Disclaimer: Post contains sensitive content and uncensored, real depictions of women breastfeeding.
One of my most powerful memories of breastfeeding takes place in a dingy, poorly-lit bathroom in the Army Reserve Center where I was at weekend drill, trying to pump milk for my 5-month-old daughter at home. I stood in front of the sink attached to a whirring pump while I carefully laid out all the necessary supplies on the counter: my special bottle warmer without an auto-shutoff, a digital thermometer, a stainless steel bottle, and a plastic bowl full of icy water.
Other soldiers trickled in and out in silence, the drone of the pump temporarily drowned out by the sound of toilets flushing, my strange setup earning me many curious glances.

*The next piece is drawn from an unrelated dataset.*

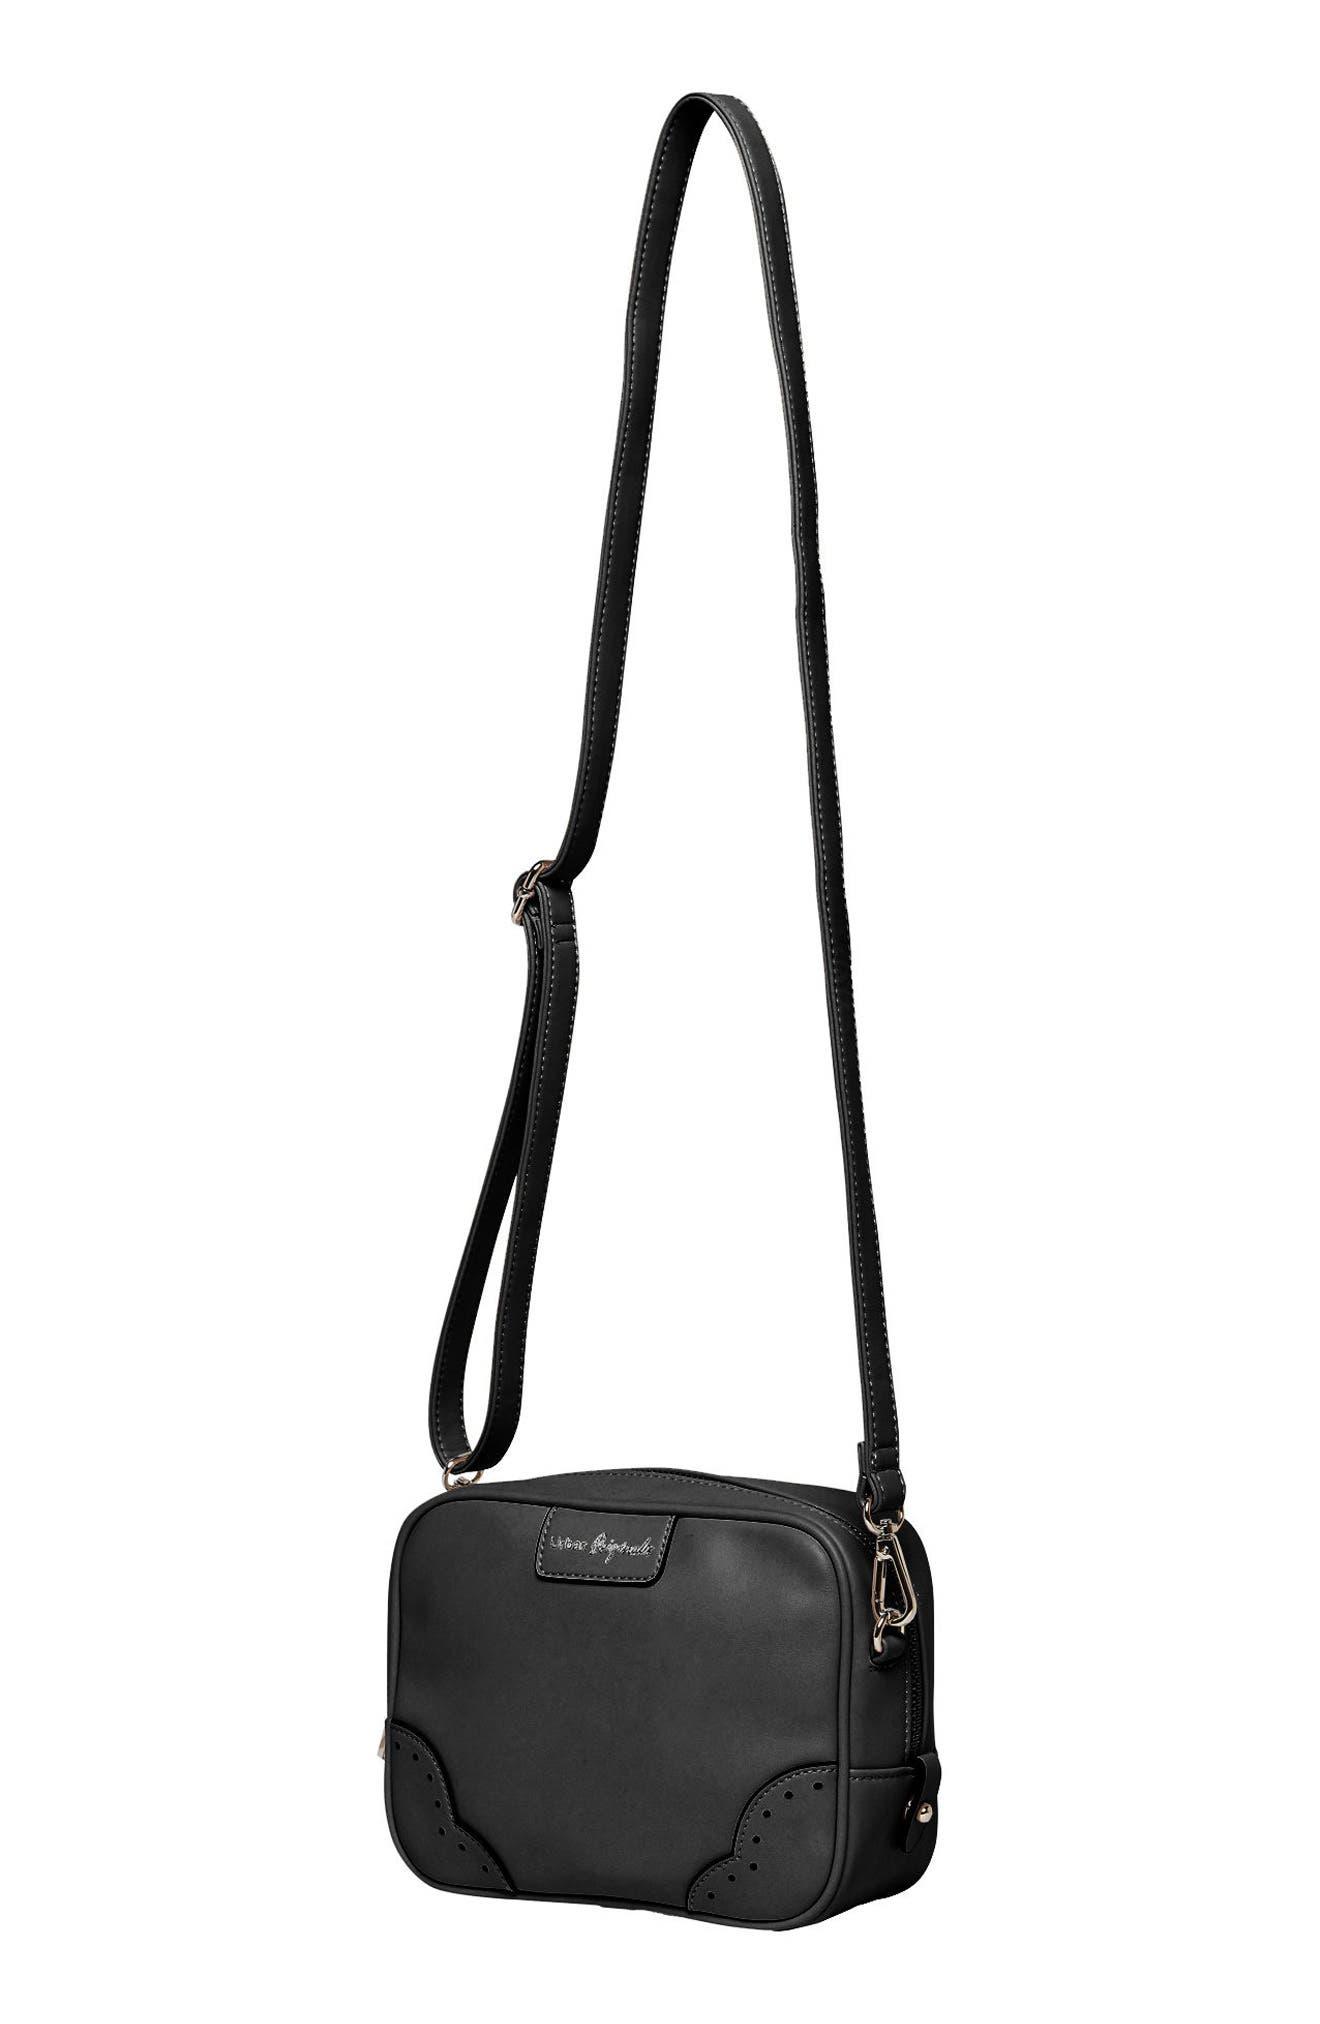 Splendour Vegan Leather Crossbody Bag,                             Alternate thumbnail 3, color,                             001
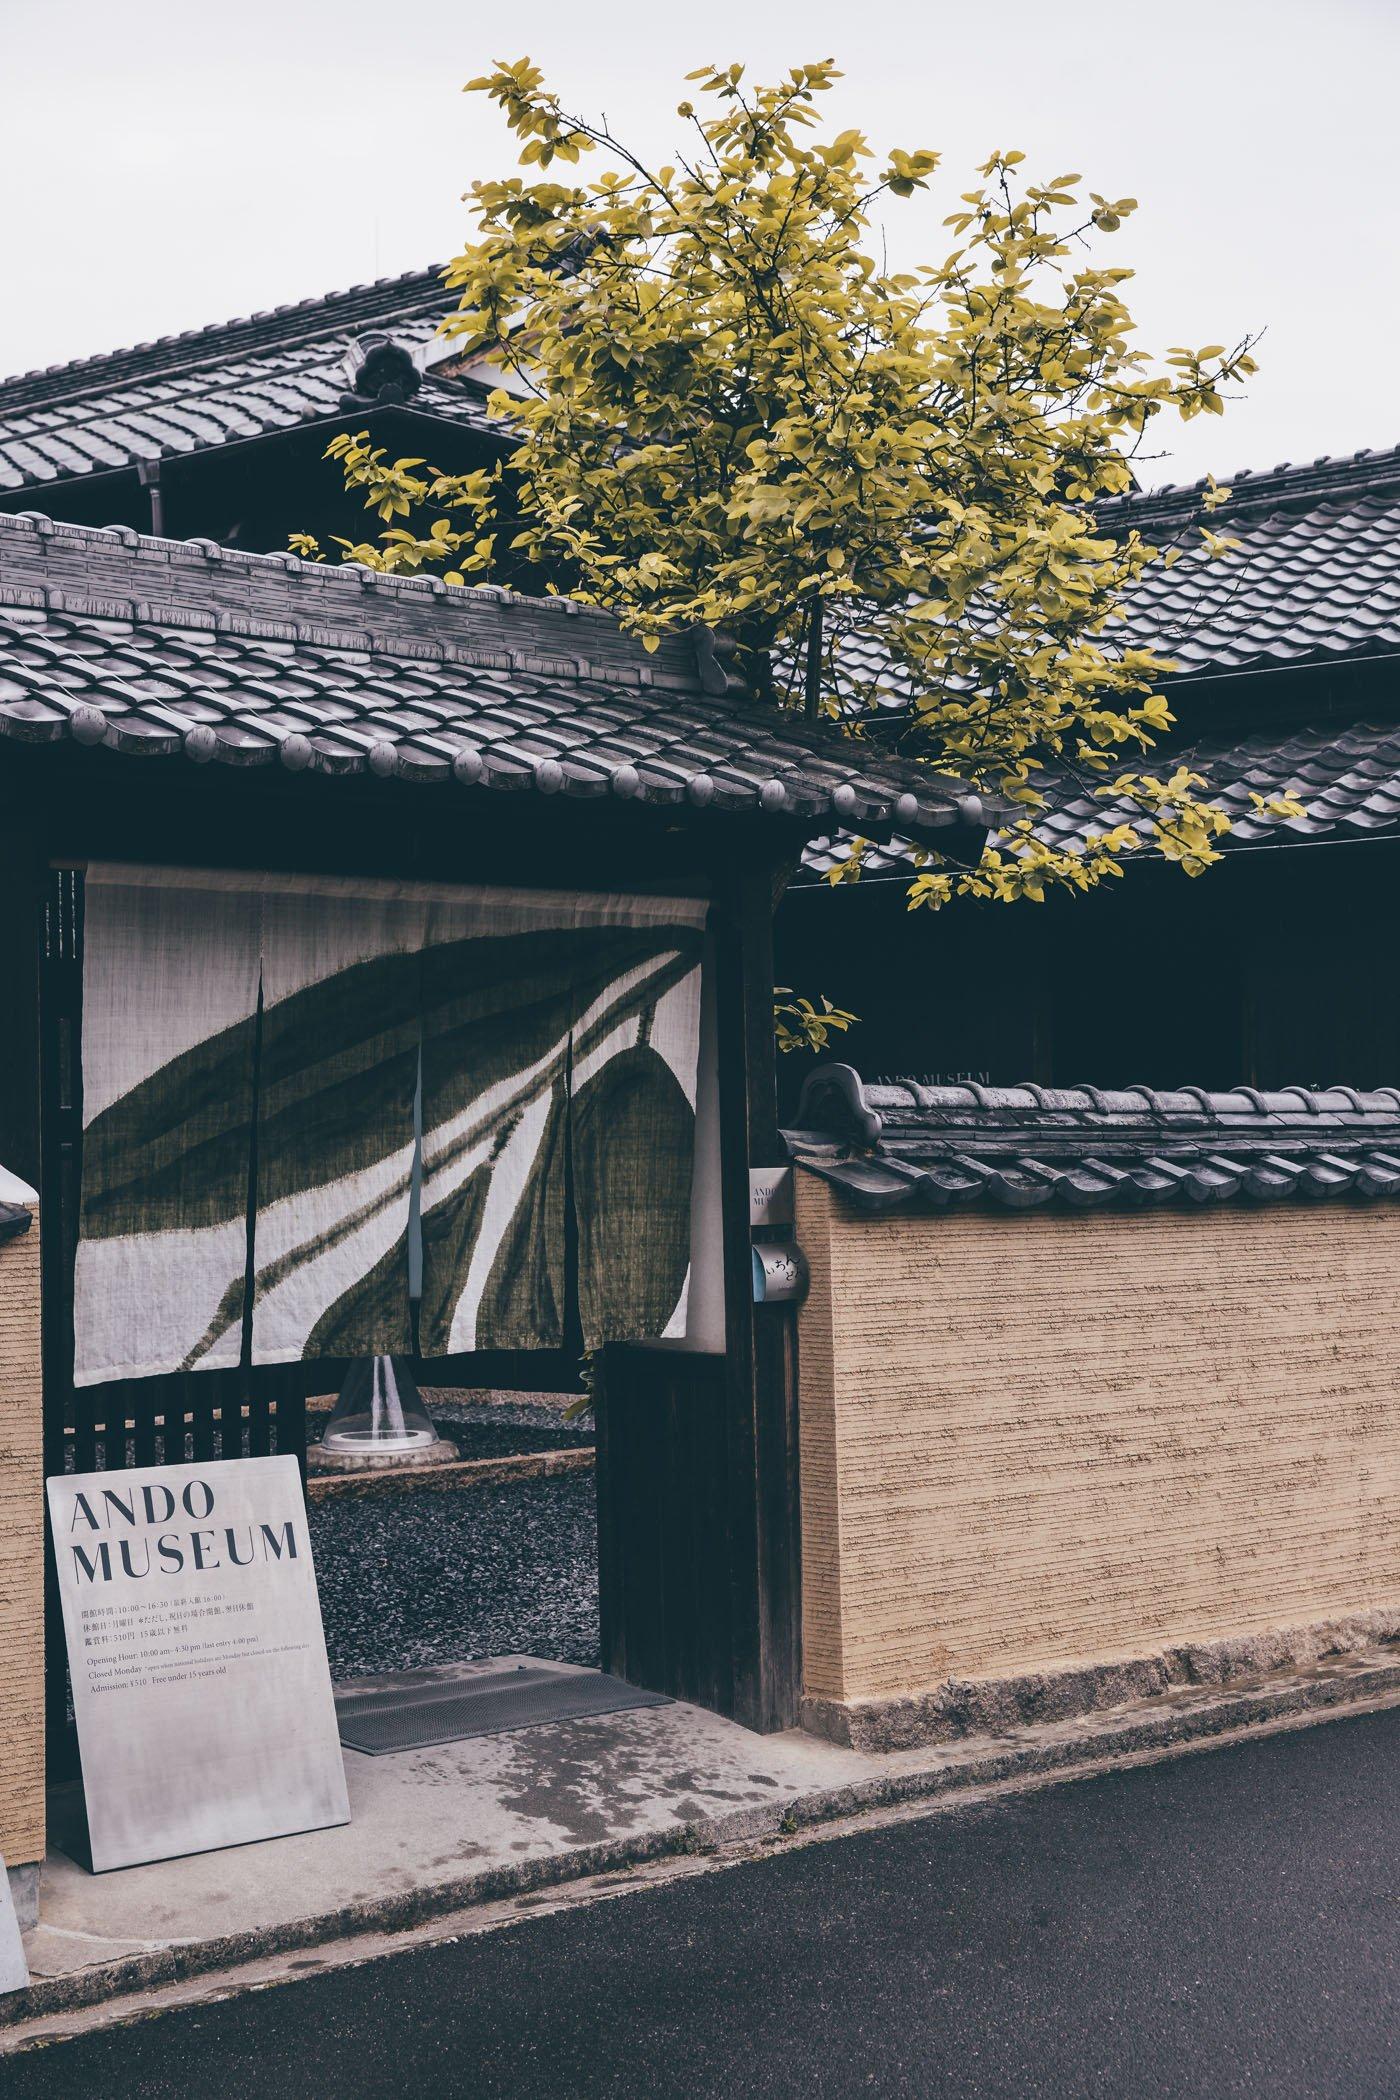 Ando Museum Naoshima Japan

After months of cluster feeding and colic followed by struggling to get my daughter to take a bottle, I had recently discovered my breastmilk contained an excess of lipase, an enzyme that helps break down fat. Mine was apparently so bad my daughter refused to drink my milk if it had been stored for more than an hour in the fridge.
In order to build up a decent stash to make it through my 12-hour days with the Army, I had to manually scald every single ounce. This involved heating the milk to the very specific temperature of 180 degrees Fahrenheit, carefully cooling it in an ice bath, transferring it into a bag, and finally refrigerating or freezing it.
I’ve always said that breastfeeding is a full-time job on top of the full-time job of being a mom.
It’s exhausting, frustrating, confusing, exhilarating, and defeating.
For me, it was not just time-consuming, it was all-consuming. It caused me hours of worry, doubt, and tears—and that was with two relatively “easy” breastfeeding journeys.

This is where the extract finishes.